_Supplied material:_
⁂

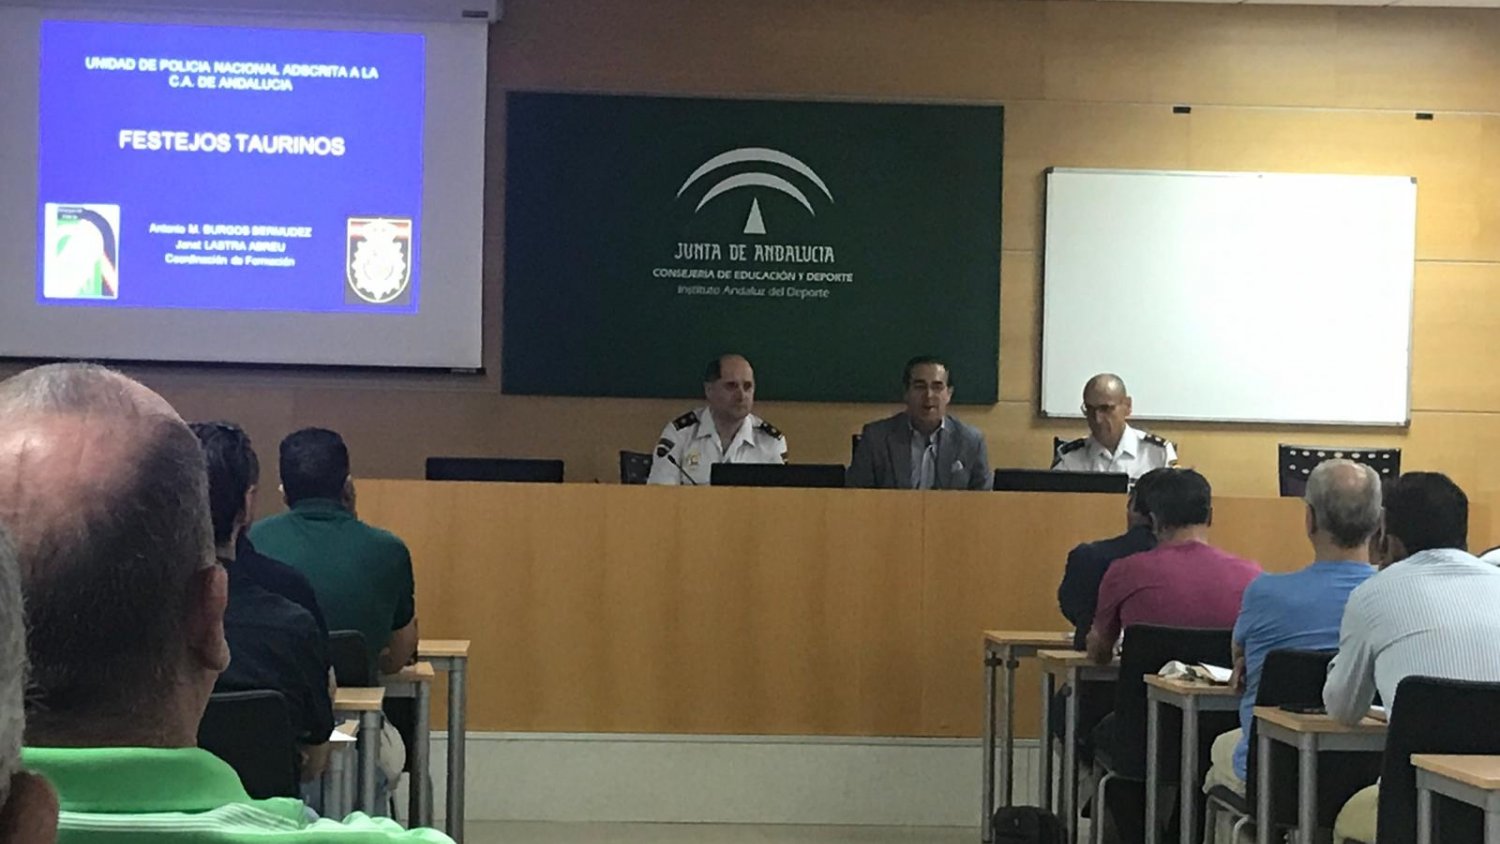 La Junta de Andalucía organiza en Málaga una jornada de formación para autoridades en el marco de los espectáculos taurinos
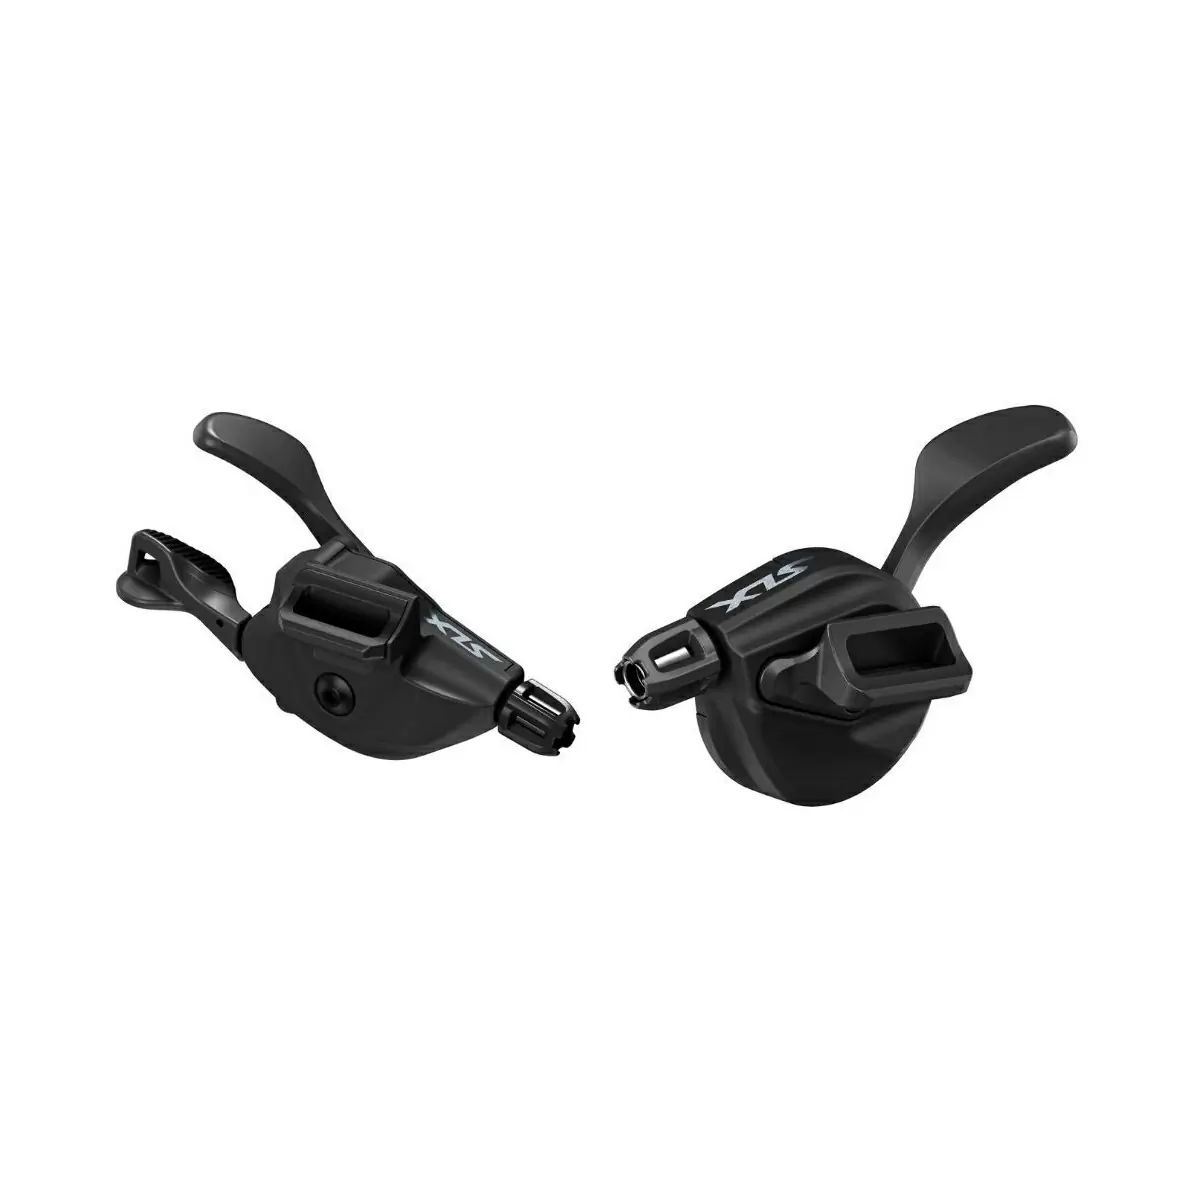 Left/Right Shif Levers SLX SL-M7100-I 2x12s I-Spec EV Black - image
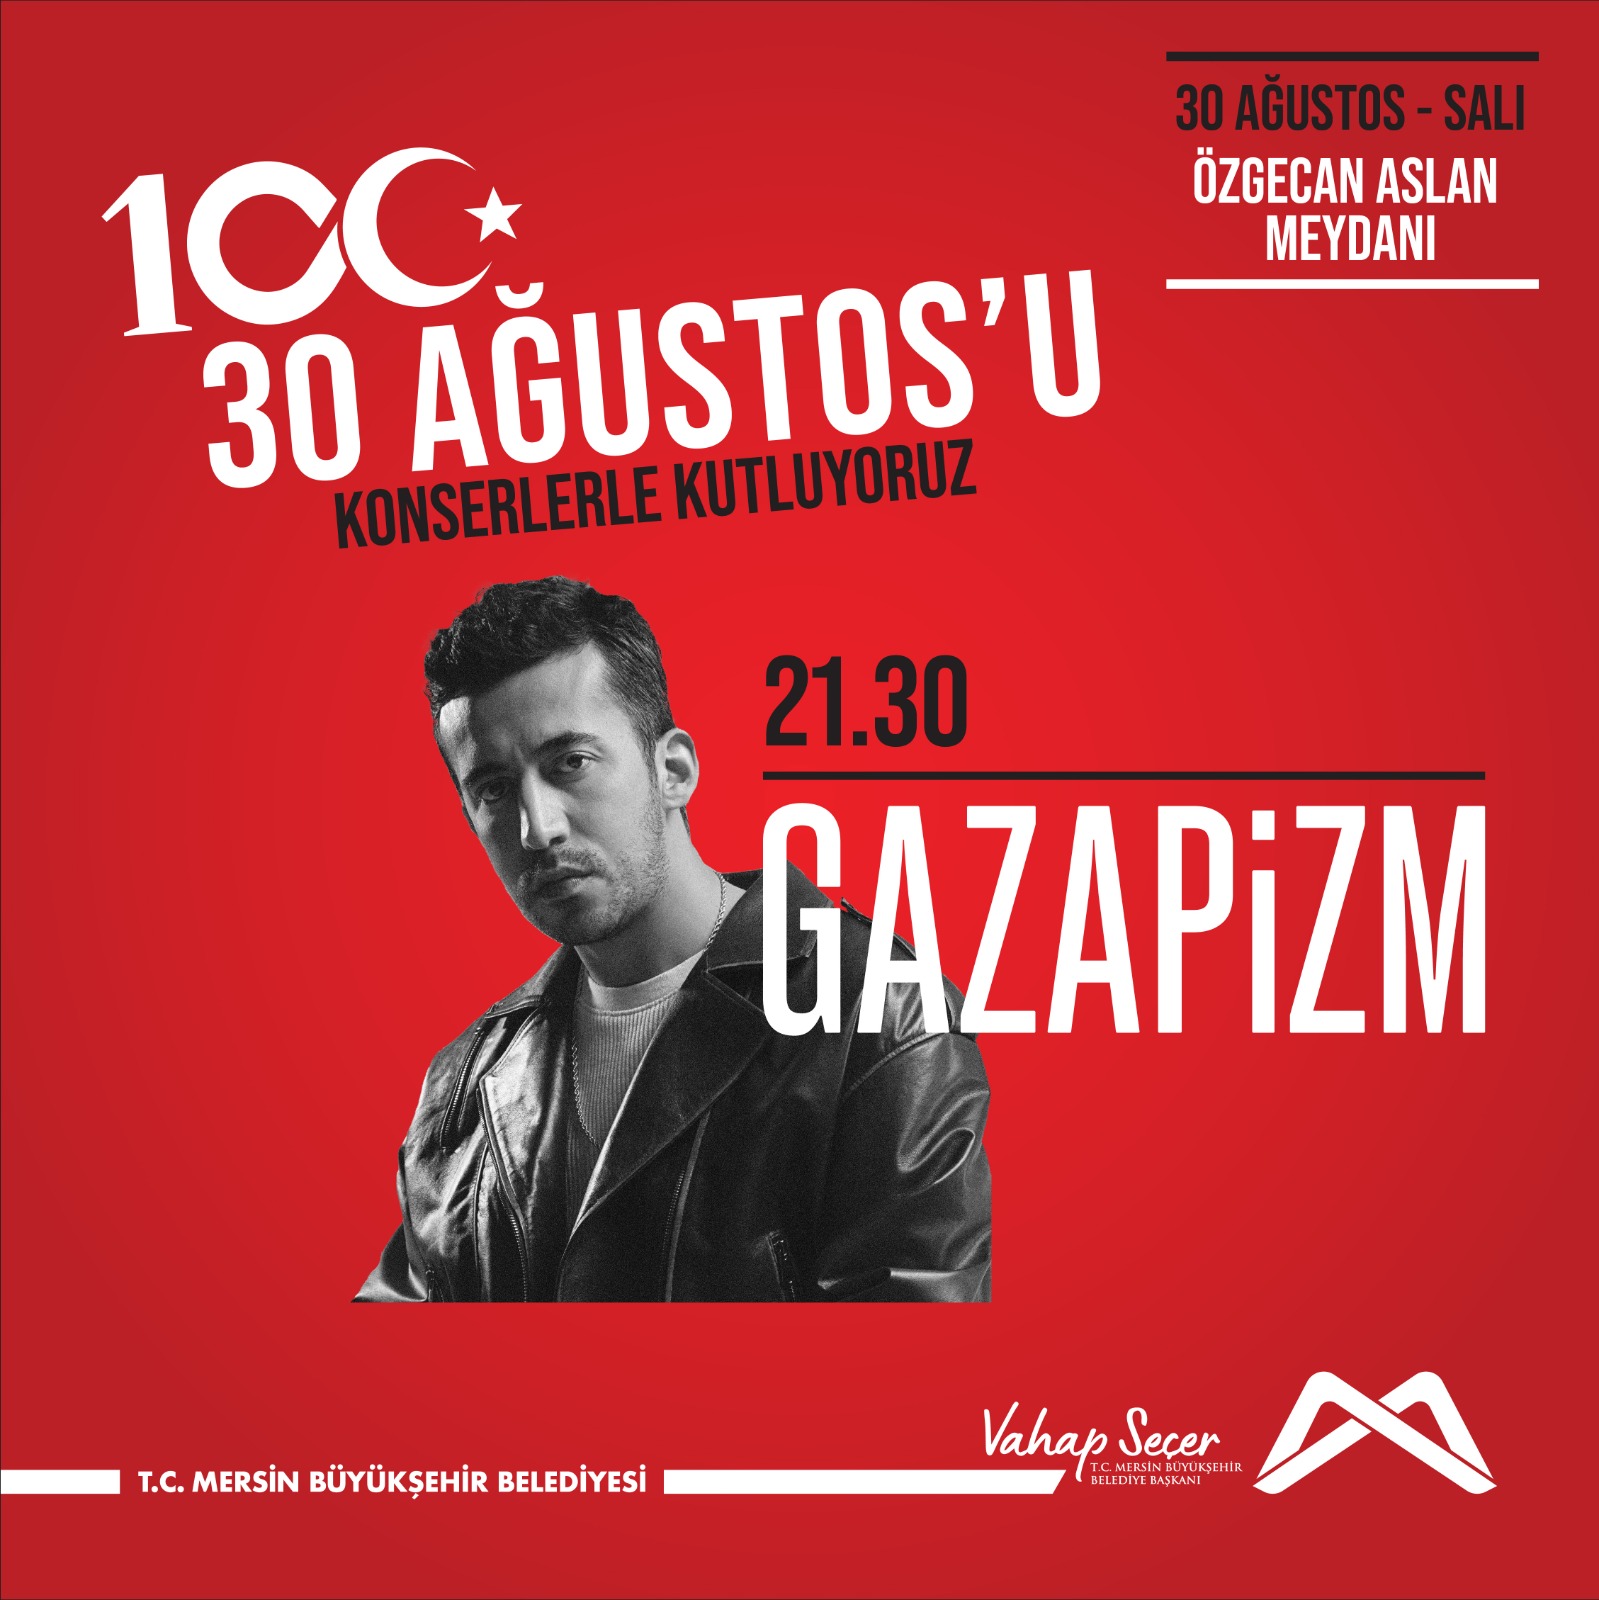 30 Ağustos zaferinin 100. yılında Gazapizm konserinde buluşalım!
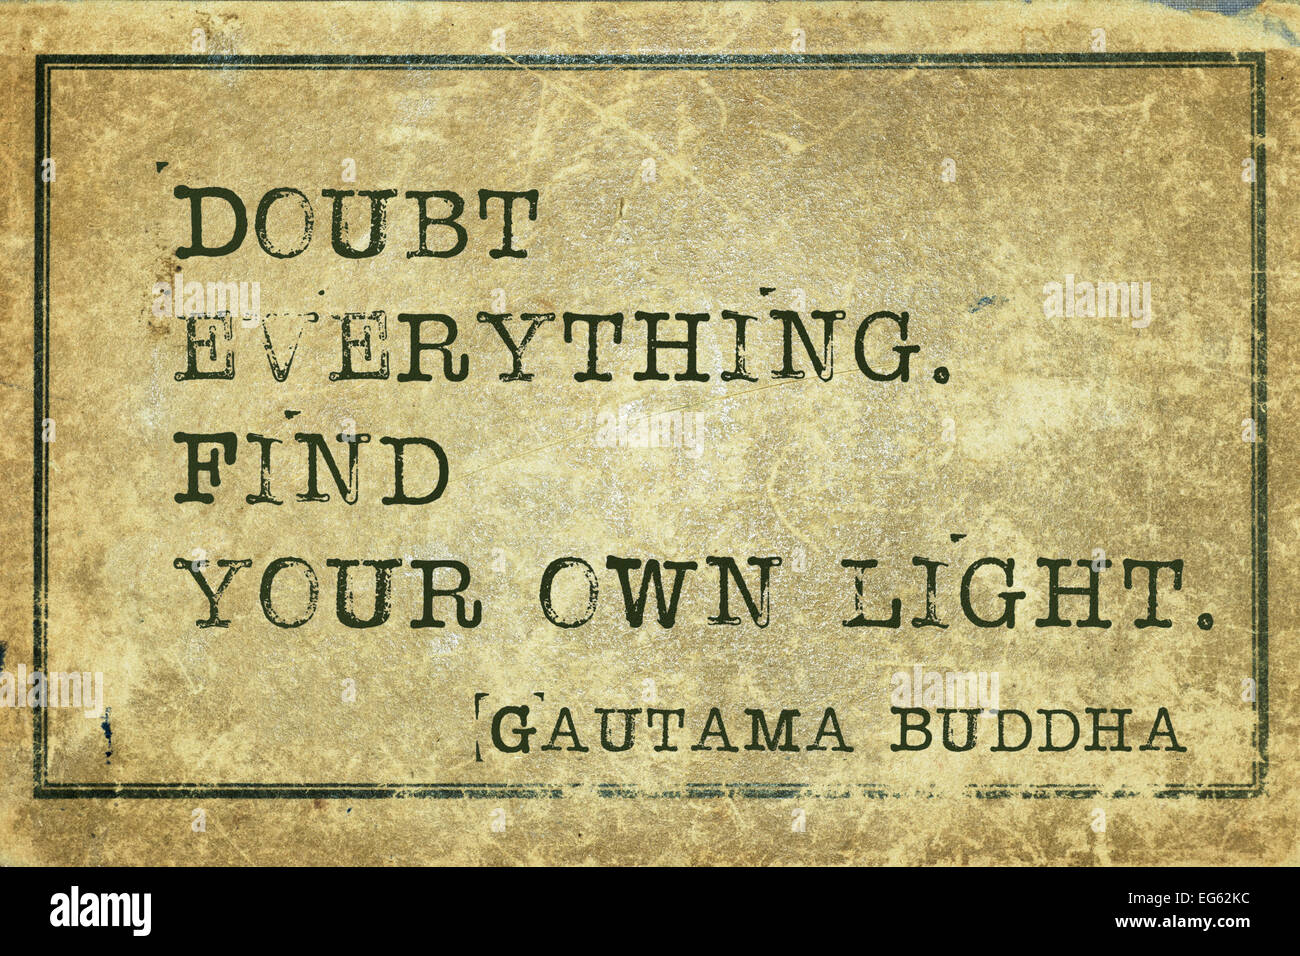 Alles zu zweifeln. Finden Sie Ihre eigene Licht - berühmte Buddha Zitat auf Grunge Vintage Karton gedruckt Stockfoto

⁂

_Directions for this task:_
Keep every word of the data as it is when you write it out, but drop the pictures.

_Solution for this problem:_
 La Junta de Andalucía organiza en Málaga una jornada de formación para autoridades en el marco de los espectáculos taurinos
 Left/Right Shif Levers SLX SL-M7100-I 2x12s I-Spec EV Black - image
 30 Ağustos zaferinin 100. yılında Gazapizm konserinde buluşalım!
 Alles zu zweifeln. Finden Sie Ihre eigene Licht - berühmte Buddha Zitat auf Grunge Vintage Karton gedruckt Stockfoto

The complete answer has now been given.